General information
- Type: Ultralight aircraft
- National origin: Lithuania
- Manufacturer: Rolandas Kalinauskas
- Status: In production (2012)

History
- Developed from: Rolandas Kalinauskas RK-6 Magic

= Rolandas Kalinauskas RK-7 Orange =

Lithuanian ultralight aircraft

The Rolandas Kalinauskas RK-7 Orange (also called the Muse, Fly and Bite) is a Lithuanian ultralight aircraft, designed and produced by Rolandas Kalinauskas, of Prienai. The aircraft is supplied as a kit for amateur construction or as a complete ready-to-fly-aircraft and has been noted for its very low price.

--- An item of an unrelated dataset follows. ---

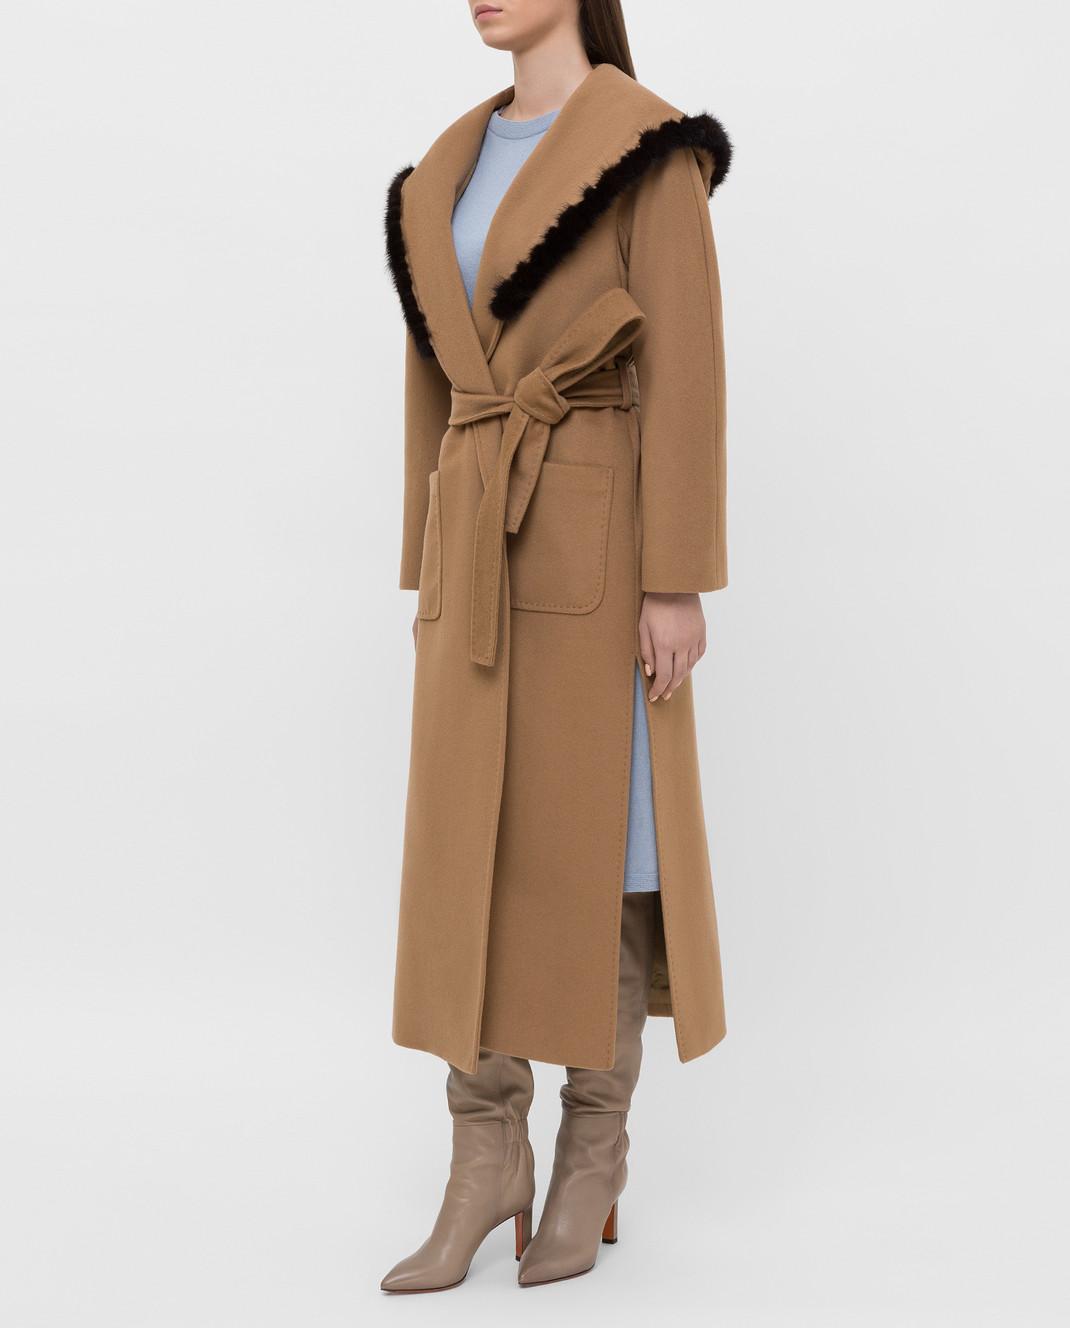 Heresis Бежевое пальто M33130VIA50 изображение 3
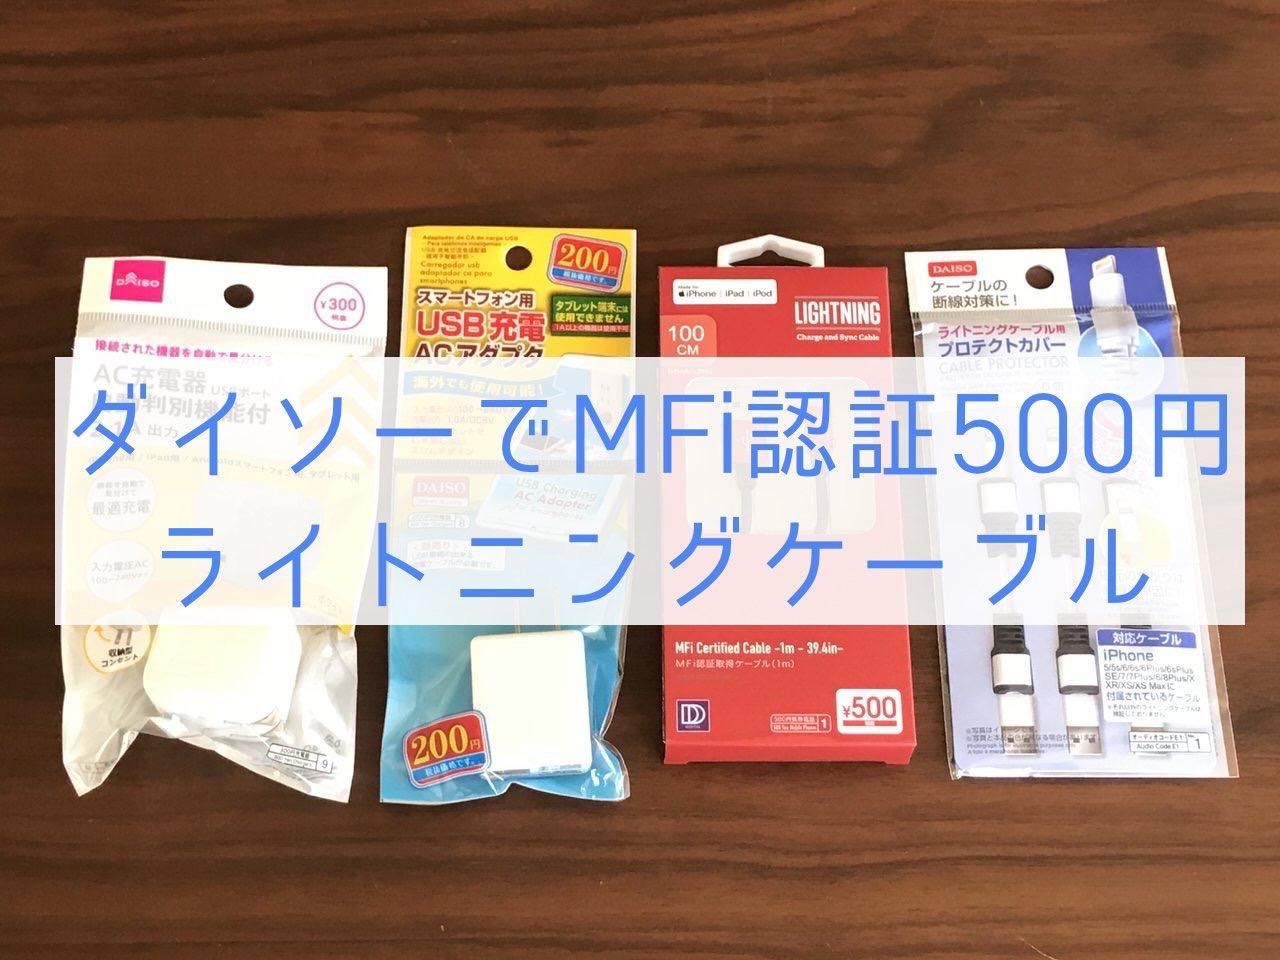 【ダイソー】AppleのMFi認証取得した500円ライトニングケーブルと断線にサヨナラするプロテクトカバー6個100円

==Design and development==
A simplified single-seat version of the Rolandas Kalinauskas RK-6 Magic, the RK-7 was designed to comply with the Fédération Aéronautique Internationale microlight rules. It features a strut-braced high wing, a single-seat enclosed cockpit under a bubble canopy, fixed tricycle landing gear and a single engine in pusher configuration.

The aircraft forward fuselage is made from welded steel with a wooden laminate covering in the cockpit area, with the tailboom made from aluminum tube. The tail surfaces are built up from aluminum tubing, strut-braced, covered in Dacron sailcloth and protected with a small tailskid. The wings are wooden and equipped with Junkers style ailerons. Its 8.2 m span wing has an area of 11.5 m2. The standard engine available is the 50 hp Rotax 503 two-stroke powerplant, although the 40 hp Rotax 447 has also been used. The aircraft can be flown without the canopy fitted, if desired.

The RK-7 has been noted for its low retail price. In 2011 it was advertised at €11,000 for an assembled, ready-to-fly aircraft and €6,500 for a kit.